Und dann wird da eben noch ein anderer, in Robert Enkes Leben ganz entscheidender Aspekt beleuchtet: Seine Depressionen. Diese Krankheit ist furchtbar, sie verändert Menschen, welche für ihren schwindenden Lebensmut keinerlei Schuld tragen. Man bringt nichts mehr zustande, will morgens am liebsten nicht aus dem Bett aufstehen und ist abends total sauer, nichts zustande gebracht zu haben. Es setzt eine irrationale Denkweise ein, sodass ein Depressiver kein normales Leben mehr führen kann. Banale Dinge können auf einmal nicht mehr bewältigt werden. Auch bei Robert Enke war es so. Er litt zweimal darunter. Er konnte sich an nichts mehr freuen, es war fast ausnahmslos alles schwarz. Er brauchte unbedingt Hilfe. Bei der ersten Erkrankung erhielt er sie auch, was auch daran lag, dass er zu dieser Zeit quasi vereinslos war und auch sonst die Popularität ziemlich niedrig war. Gemeinsam mit seiner Frau, Freunden und psychischer Unterstützung gelang es, einen Neuanfang zu starten.
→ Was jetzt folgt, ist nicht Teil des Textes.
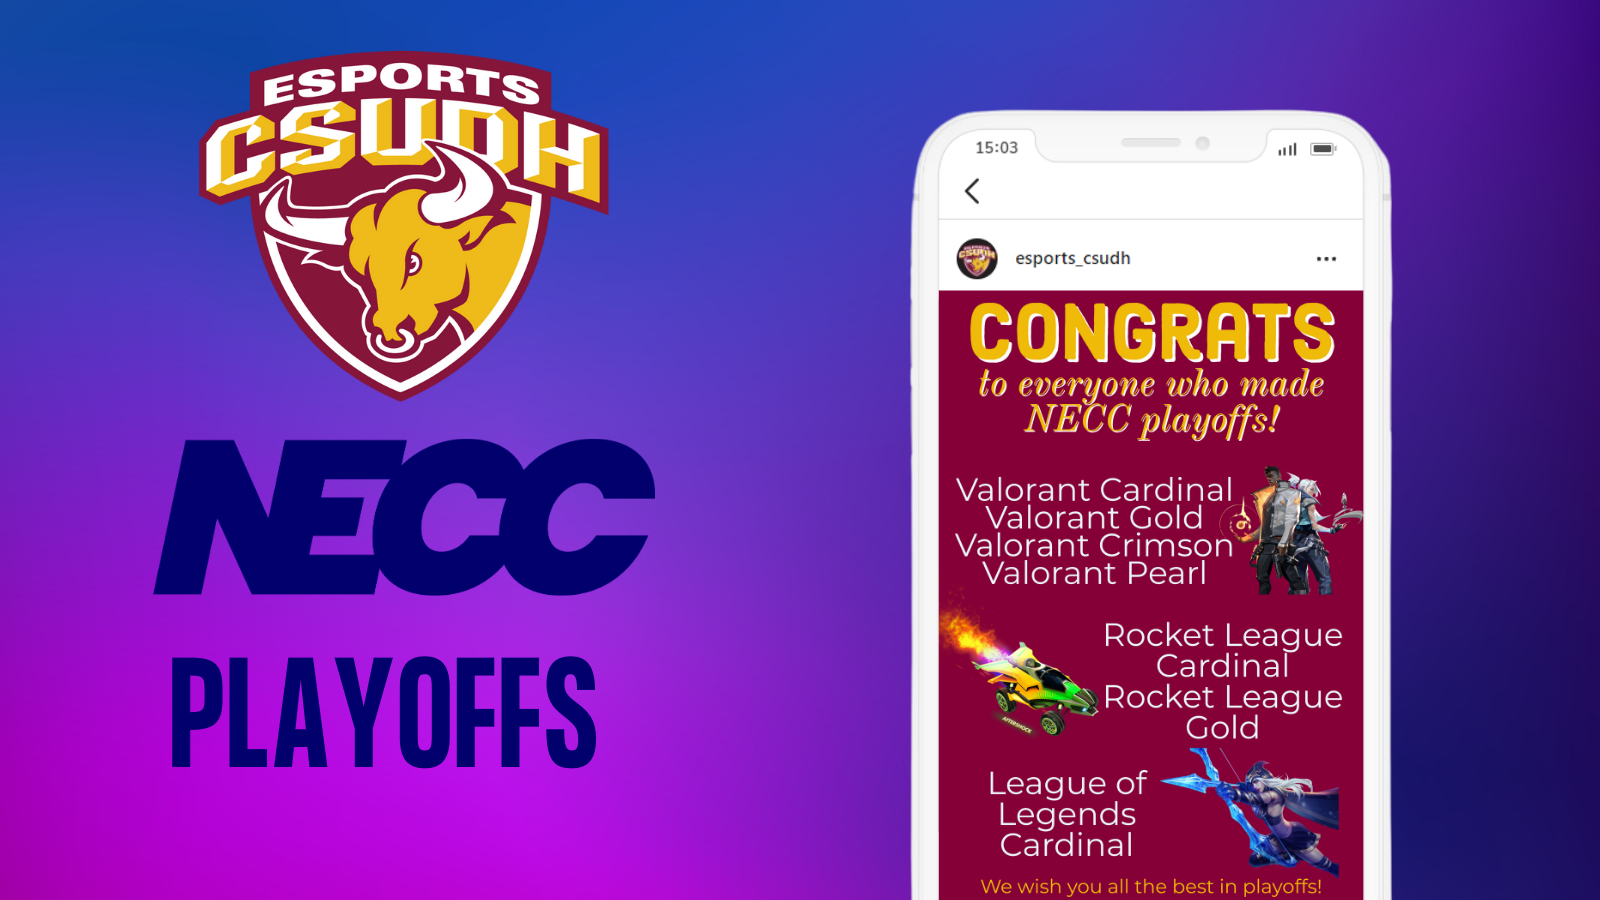 Photo of Esports logo and Instagram post of NECC Playoffs

Viele haben seinen (Robert Enkes) Tod falsch verstanden: Er habe sich umgebracht, weil er sein Leben nicht mehr aushielt. (…) Welch ein tragisches Missverständnis. Die meisten depressiven Menschen, die einen Selbstmordversuch begehen, wollen nicht sterben. Sie wollen nur, dass diese Finsternis endlich verschwindet, die ihre Gedanken bestimmt. (Buch S. 13)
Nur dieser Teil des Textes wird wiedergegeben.